The article contends that procedurally, Sargon does not go as far as Daubert. In Daubert, Justice Blackmun explicitly stated that in applying the new empirical validation test, the trial judge should follow the procedures prescribed by Federal Rule of Evidence 104(a). That statement is significant because under Rule 104(a), the trial judge acts as a factfinder and can consider the credibility of the proffered foundational testimony. In contrast, Sargon does not even mention California Evidence Code section 405, the California analogue to Rule 104(a). Moreover, Justice Chin’s opinion relies heavily on a law review article that proposed empowering California trial judges to conduct a circumscribed, sufficiency inquiry, determining only whether, as a matter of logic, the empirical data and reasoning cited support the hypothesis that the expert’s general theory or technique is valid. The California Supreme Court may eventually grant state trial judges the power to assess the credibility of the proponent’s foundational testimony, but the court has not done so yet.

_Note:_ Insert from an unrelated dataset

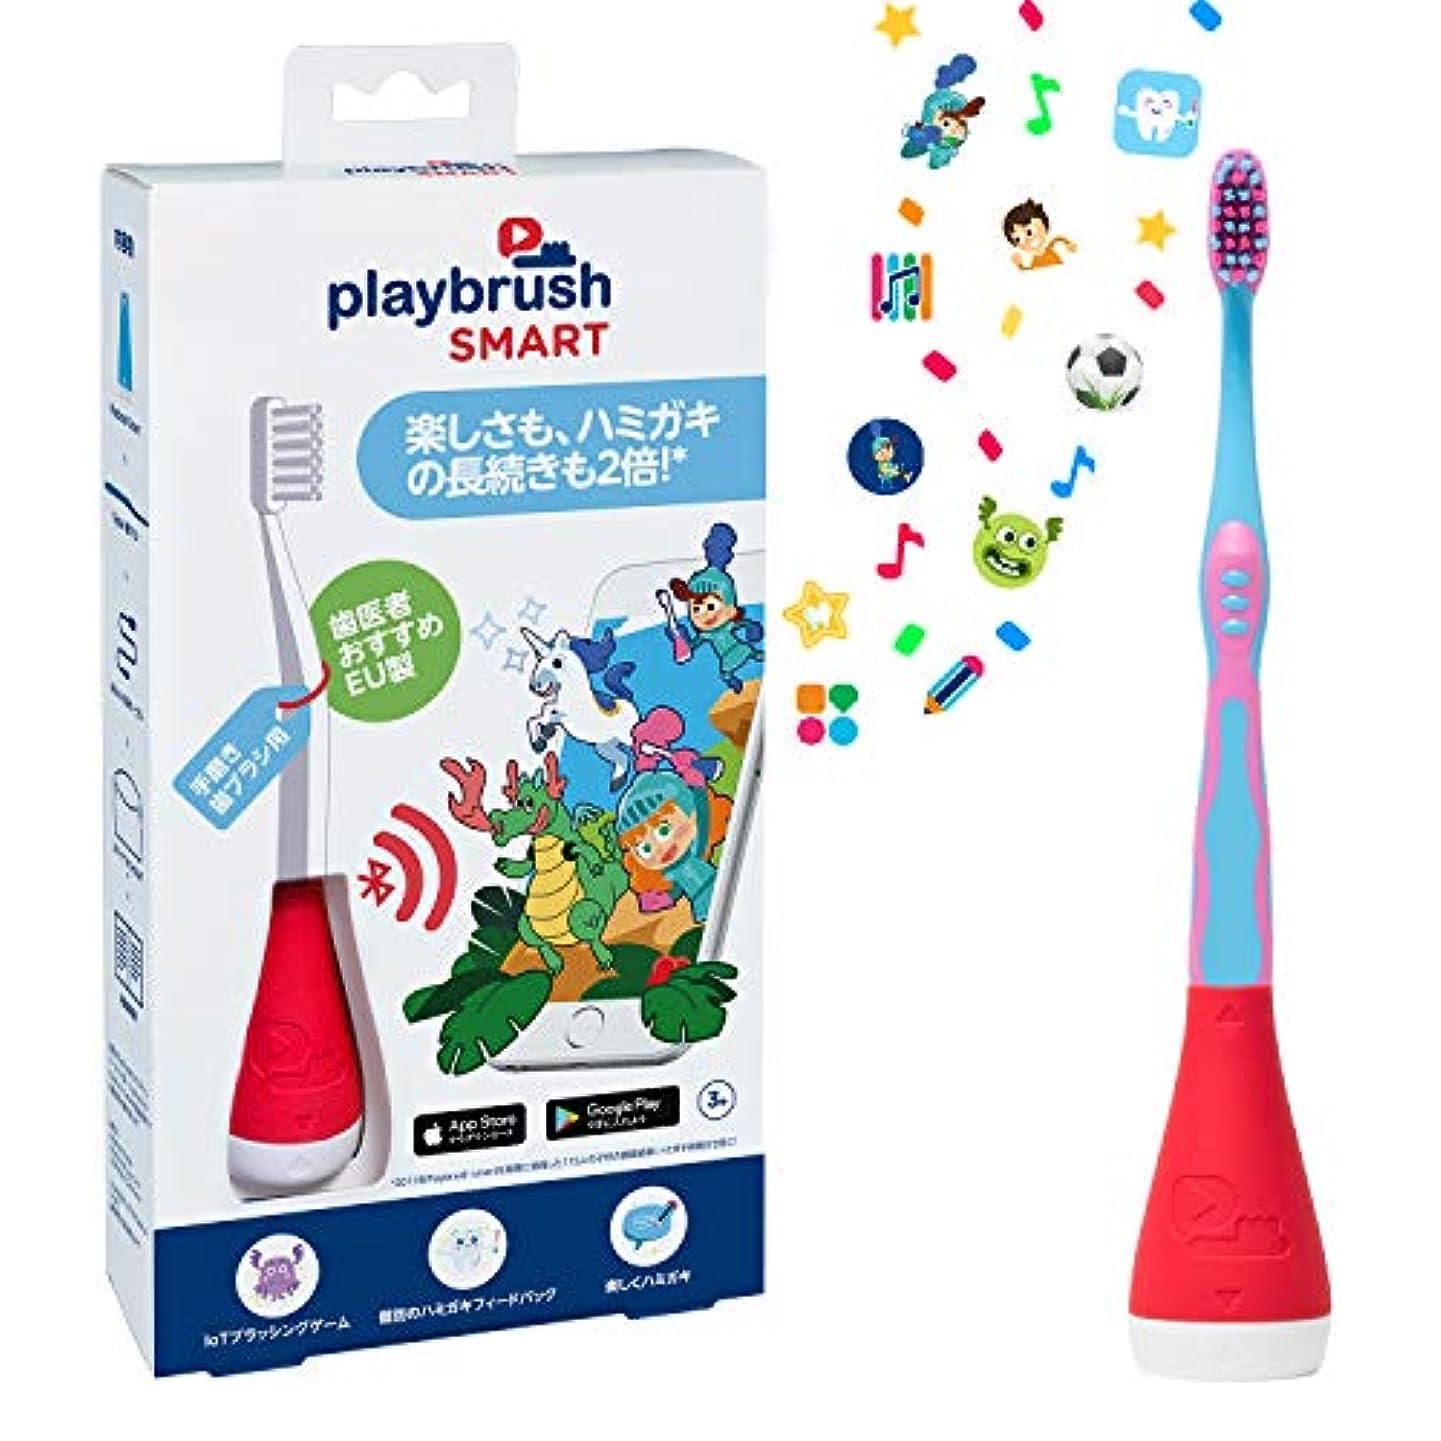 方法完璧な代理店【ヨーロッパで開発されたゲームができる子供用歯ブラシ】プレイブラッシュ スマート レッド◇ 普段の歯ブラシに取り付けるだけ◇ Playbrush Smart Red

The article also argues that the Sargon court’s approving treatment of two other United States Supreme Court decisions, Kumho and Joiner, lends clarity to the substantive scope of the holding in Sargon. In Kumho, the U.S. Supreme Court announced that its reliability test applies across the board to all types of expert testimony, not only purportedly scientific testimony. In his opinion in Sargon, Justice Chin did not differentiate among the various species of expertise. The parallel between Sargon and Joiner is even more striking. In Joiner, the plaintiffs’ experts extrapolated an opinion about human causation from animal studies. The trial judge excluded the opinion for the stated reason that there were several marked dissimilarities between the facts in the pending case and the circumstances obtaining in the animal studies. The Supreme Court upheld the trial judge ruling and emphasized that the trial judge has the power to assess the aptness of the analogy between the data the expert relies on and the facts of the pending case. Likewise, in Sargon, the trial judge excluded the plaintiff’s lost profits opinion because, in the judge’s mind, there were significant differences between Sargon and the “Big Six” dental implant companies the expert analogized to. Thus, under Sargon as under Joiner, the trial judge has discretion to critically evaluate the expert’s analogical reasoning connecting the facts of the pending case to the empirical data cited as the basis for the expert’s opinion.